Posted on: Saturday, 27 September 2003, 06:00 CDT

A court vacated the child molestation conviction of defrocked priest John Geoghan because he died in prison during his pending appeal, a ruling that angered accusers of the former cleric.

The decision Friday by the Massachusetts Appeals Court is customary under state law when convicts die mid-appeal and attorneys seek to have their convictions voided.

Mitchell Garabedian, who represents many of Geoghan's alleged victims, called for the law to be changed.

"It's as though the reporting of Father John J. Geoghan's sexual abuse, his trial, and the jury decision never existed," Garabedian said.

Geoghan's case triggered the sex scandal in the nation's Roman Catholic Church. He had been serving a nine- to 10-year sentence for groping a 10-year-old boy and was accused of molesting nearly 150 boys over three decades.

Last month, the 68-year-old was strangled and beaten to death in his prison cell, allegedly by fellow inmate Joseph L. Druce. Druce has pleaded innocent to murder.

The court vacated Geoghan's conviction for indecent assault and battery on Sept. 17, and ordered his original indictment dismissed after his attorney filed notice of Geoghan's death with the court on Sept. 2.

According to the ruling, state prosecutors neither opposed nor agreed to the motion from Geoghan's attorney that the conviction be vacated. A spokeswoman for Middlesex District Attorney Martha Coakley, whose office prosecuted Geoghan, did not immediately respond to a request for comment.

The attorney who represented Geoghan, David Skeels, did not immediately return a call seeking comment.

Ralph DelVecchio, 47, who settled the claim that Geoghan molested him when he was a child, said the vacated conviction means little to him.

"To be honest with you, I'm not paying any attention to this stuff any more," he said. "I settled things, I know what's what, and I moved on with my life."

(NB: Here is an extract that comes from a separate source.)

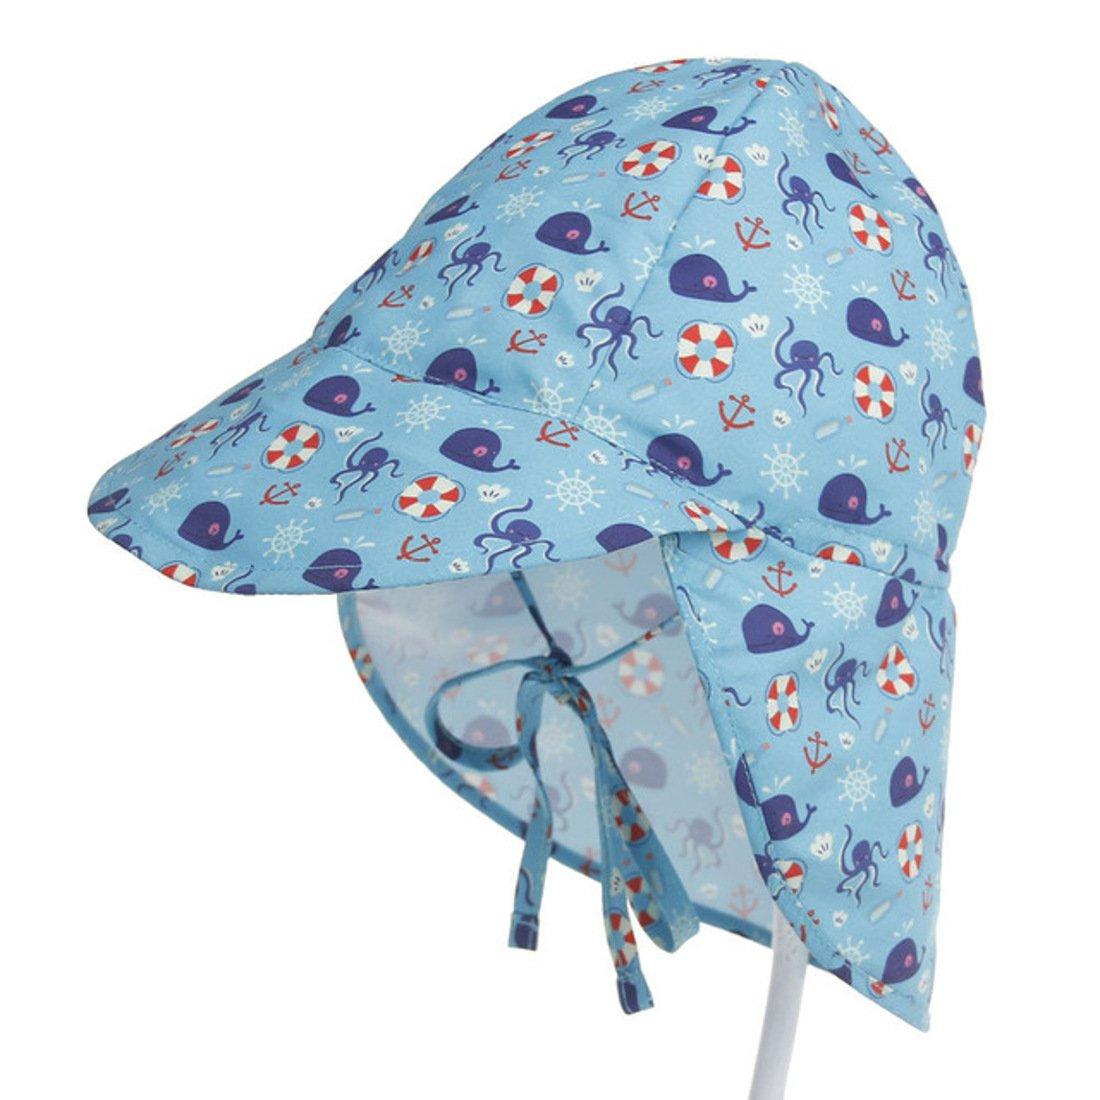 Watermelon Baby Girls Boys Cotton Neck Sun Protection Flap Legionnaires Summer Cap Hat 0-6 Months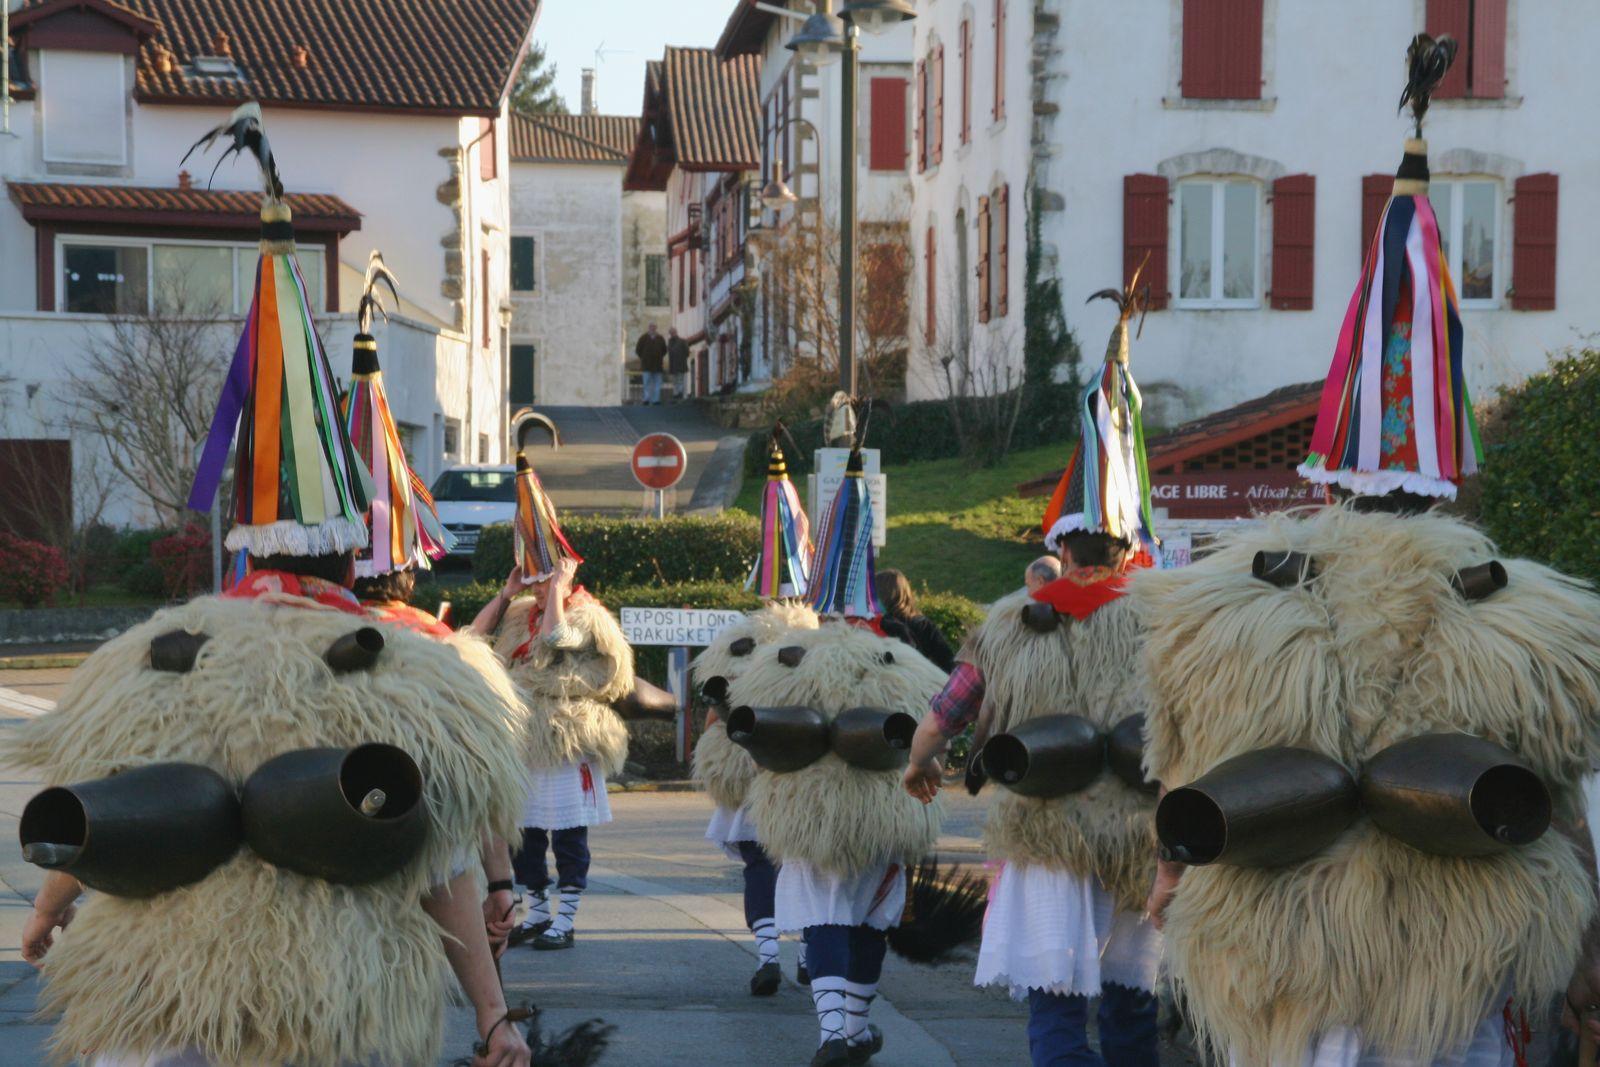 Joaldunak de Ituren (Navarra) en el carnaval de Ustaritz (País vasco francés)

Geoghan was not the first high-profile convict whose guilty verdict was voided because of a mid-appeal death. The conviction of John Salvi, who was convicted of murdering two abortion clinic workers in a 1994 shooting rampage at two Boston-area clinics, was voided in 1997 after he apparently committed suicide in his prison cell.

Massachusetts lawmakers tried to close the legal loophole that allowed the conviction to be expunged, but the effort died in the Legislature.